Gewalt gegen Frauen* ist Ausdruck eines Macht-Ungleichgewichtes zwischen den Geschlechtern. Gewalt gegen Frauen* hat viele Erscheinungsformen. Sie beginnt mit der „alltäglichen Anmache“, mit frauenfeindlicher Sprache, Witzen und Beschimpfungen. Wohl jede Frau kennt dies und schätzt das nicht einmal als Gewalt ein, weil es eben „alltäglich“ erscheint.
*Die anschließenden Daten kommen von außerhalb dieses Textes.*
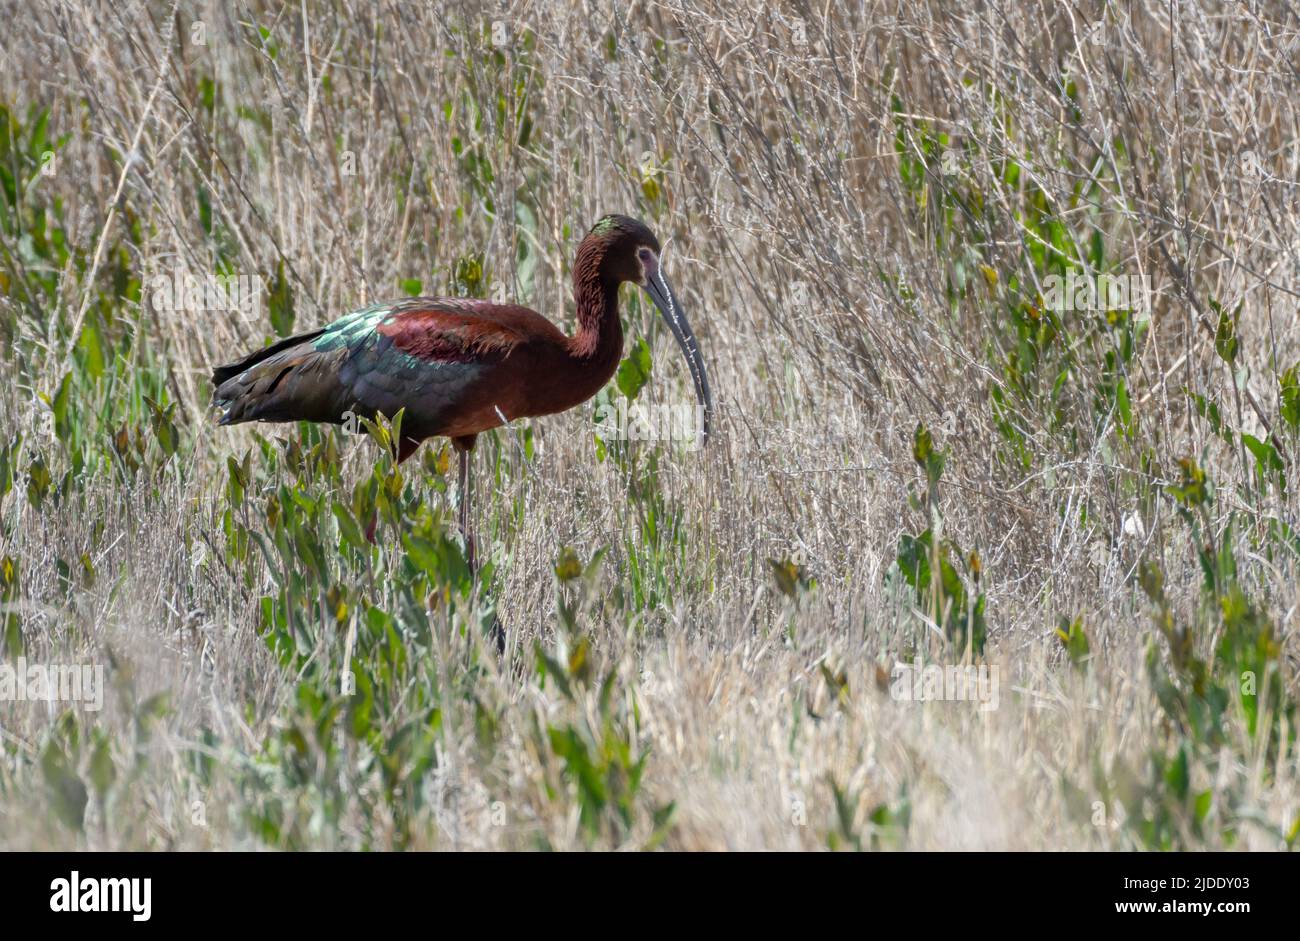 Colorful and shiny, White-faced Ibis, Plegadis chihi, foraging in a field of tall grass and shrubs. Bird in wild. Stock Photo

Auch wo Frauen* in ihrer persönlichen Freiheit eingeschränkt werden, wenn sie bestimmte Orte, Wege oder Situationen meiden müssen, um Belästigungen oder Bedrohungen zu entgehen, handelt es sich um eine Form von Gewalt. Frauen erleben auch Gewalt und Diskriminierungen in Form von Rassismus, Behindertenfeindlichkeit, Homophobie oder Trans*phobie, z. B. auf der Straße, aber auch in Behörden und Institutionen. Frauen*, die Gewalt erlebt haben, sollten eine uneingeschränkte gesellschaftliche Ächtung dieser Gewalt erfahren. Sie sollten sich sicher sein können, Solidarität und Unterstützung zu bekommen, anstatt auf Anschuldigungen oder Vorurteile zu treffen. Deshalb muss die Aufklärungs- und Öffentlichkeitsarbeit zum Thema Gewalt gegen Frauen* sich künftig noch stärker an Menschen aus dem sozialen Umfeld dieser Frauen richten. Viele von Gewalt betroffene Frauen brauchen Unterstützung. Diese bekommen sie bei den Fachberatungsstellen. Eine dieser Stellen ist der Bundesverband Frauenberatungsstellen und Frauennotrufe - Frauen gegen Gewalt e.V. (bff) in Berlin. Im bff sind mehr als 170 Frauennotrufe und Frauenberatungsstellen zusammengeschlossen. Sie leisten in Deutschland den hauptsächlichen Anteil der ambulanten Beratung und Hilfestellung für weibliche Opfer von Gewalt. Der Verband bezieht Stellung zu aktuellen Entwicklungen, die das Thema Gewalt gegen Mädchen und Frauen betreffen. Außerdem tragen sie durch Öffentlichkeitsarbeit zur Enttabuisierung von Gewalt gegen Frauen* bei und sind aktiv in der Prävention von Gewalt.
Das Interview wurde geführt mit Anna und Katharina

Gewalt in der Partnerschaft gegen Frauen
Statistik

Für ein Leben ohne Gewalt

Was hat dich dazu bewegt, Frauen und Mädchen, die erhöhten Risiken ausgesetzt sind, Opfer von Gewalt, Zwang und psychischer wie gesundheitlicher Beeinträchtigung in Familien- und Paarbeziehungen zu werden, zu unterstützen und die Gewalt gegen sie zu beenden?
    Gewalt gegen Frauen und Mädchen ist noch immer ein sehr großes gesellschaftliches Problem. Feministinnen haben sich dem schon vor vielen Jahren angenommen und kämpfen für ein Leben frei von Gewalt für alle Frauen und Mädchen. Als Feministinnen liegen uns der Einsatz gegen Diskriminierungen und geschlechtsspezifische Gewalt sehr am Herzen – das sind Anliegen, die der bff: Bundesverband Frauenberatungsstellen und Frauennotrufe und alle dort tätigen Frauen* teilen.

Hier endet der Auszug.